Interview question.

I recently came across this question.
You are given 4 integers n,a,b,c. You have to find out how many integers between [1,n] are divisible by a,b,c.
I tried using the formula of n(a U b U c) but got a wrong answer. Can someone help me with this one? (Unfortunately I do not have a link for the question as this was an interview question)
Thank you.

we know that n(a U b U c)=n(a)+n(b)+n©-n(a ∩ b)-n(a ∩ c)-n(b ∩ c)+n(a ∩ b ∩ c)

so final answer will be (n/a)+(n/b)+(n/c)-(n/(LCM(a,b))-(n/(LCM(a,c))-(n/(LCM(b,c))+(n/(LCM(a,b,c)).

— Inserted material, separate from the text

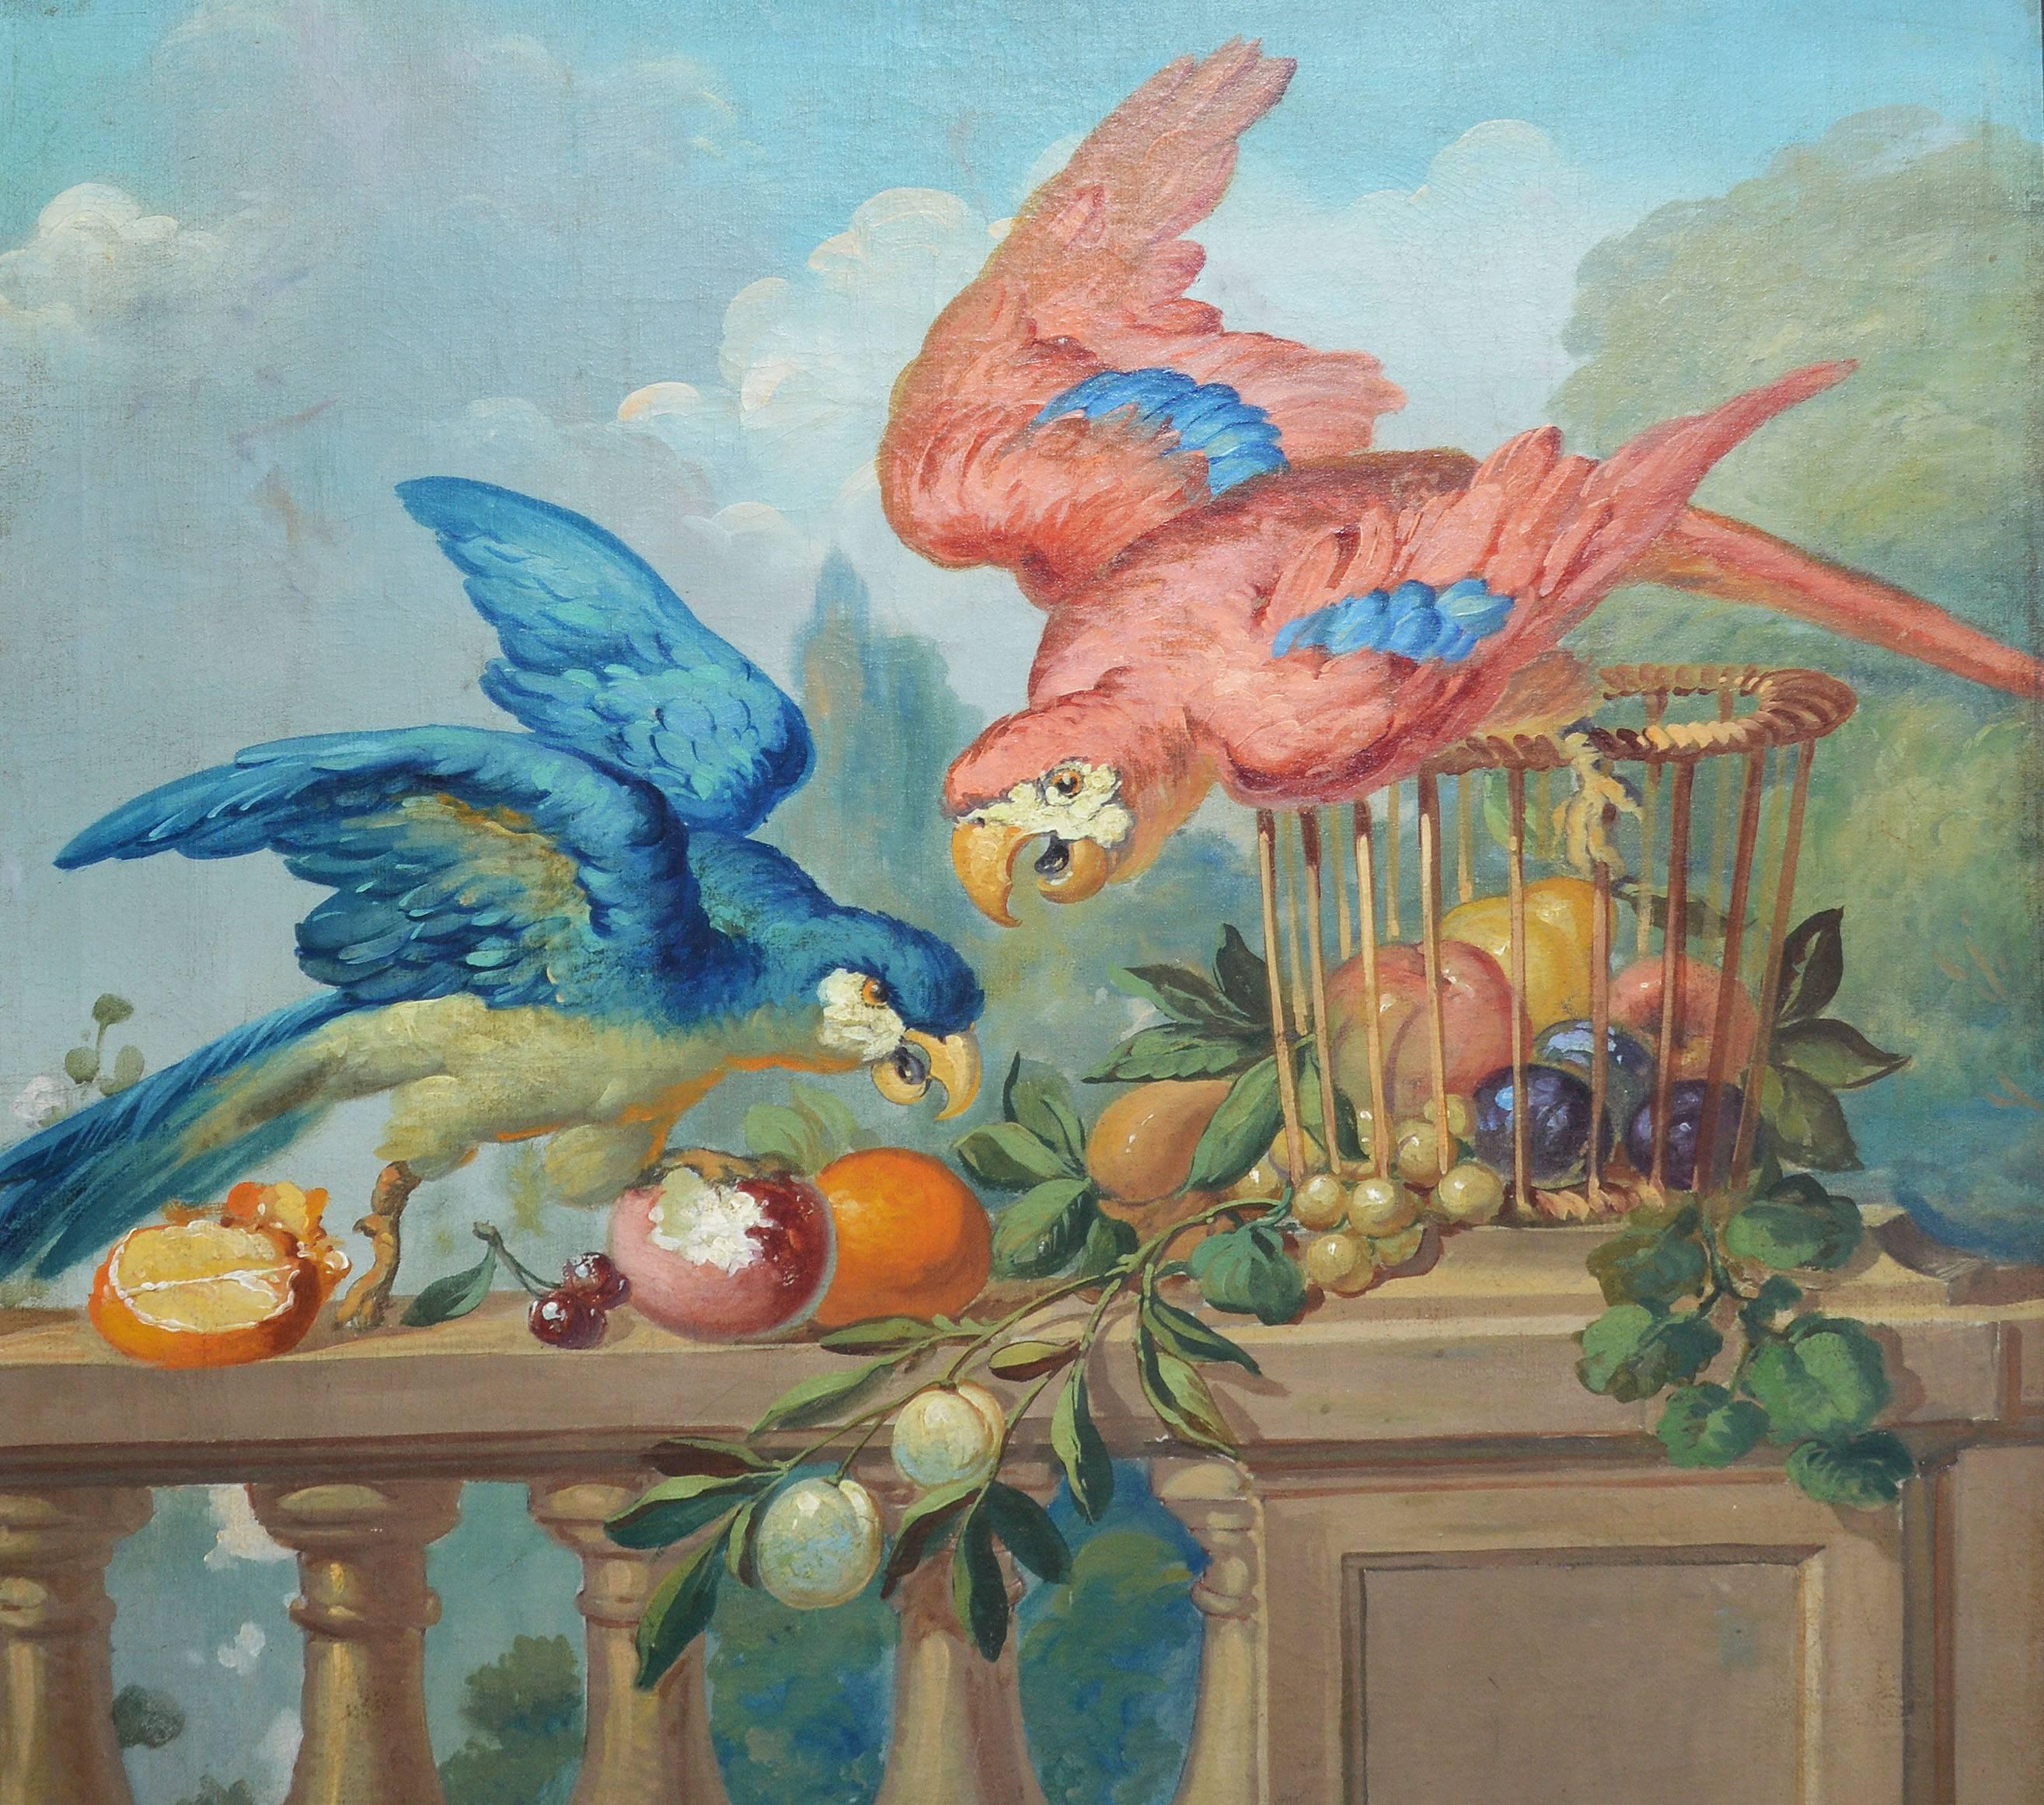 Impressionist landscape painting with parrots by Luis Granier Y Arrufi (1863-1929).  Oil on canvas, circa 1867.  Signed lower right, "Granier".  Displayed in a giltwood frame.  Image size, 33"L x 43"H, overall, 40"L x

Hey thanks for the answer. I actually used this.
Can you please explain why that LCM in the denominator?

because LCM is the smallest number that is divisible by all those numbers.

@chari407 although utkarsh has explained it. Consider 4 and 6. So you have to eliminate the numbers which can be divided by both 4 and 6 if you multiply them you will escape 12 and start from 24 so you have not removed 12 which was supposed to be because it was divisible by 4 and 6 both.


Can you give a more detailed explanation? I actually dont even know why did the union formula is used ehre, meaning i have literally no idea at this moment. I wll appreciate some explanation ^^

@vijju123 union formula is used because we want to find the numbers divisible by a or b or c and hence the formula used. I have explained it with an example too why it has to be LCM. In case of any doubt feel free to ask:)

You can search for Inclusion-Exclusion Principle to know more about the way of solving this problem.

Oh i get it now! I misunderstood it as "How many numbers in [1,n] are divisible by a AND b AND c (simultaneously). " and so i thought it should just be N/LCM(a,b,c) and where did union come from XD.

1 Like

Q:why LCM is denominator?
ans:we have to find the multiples of both a,b.LCM means “Least Common Multiple” so LCM(a,b) is the smallest number that is multiple of both a,b.
Now multiples of both a,b=multiples of LCM(a,b).

try to understand,i am not good at explanation.

Thank you bro.Got it.

Thanks a lot guys.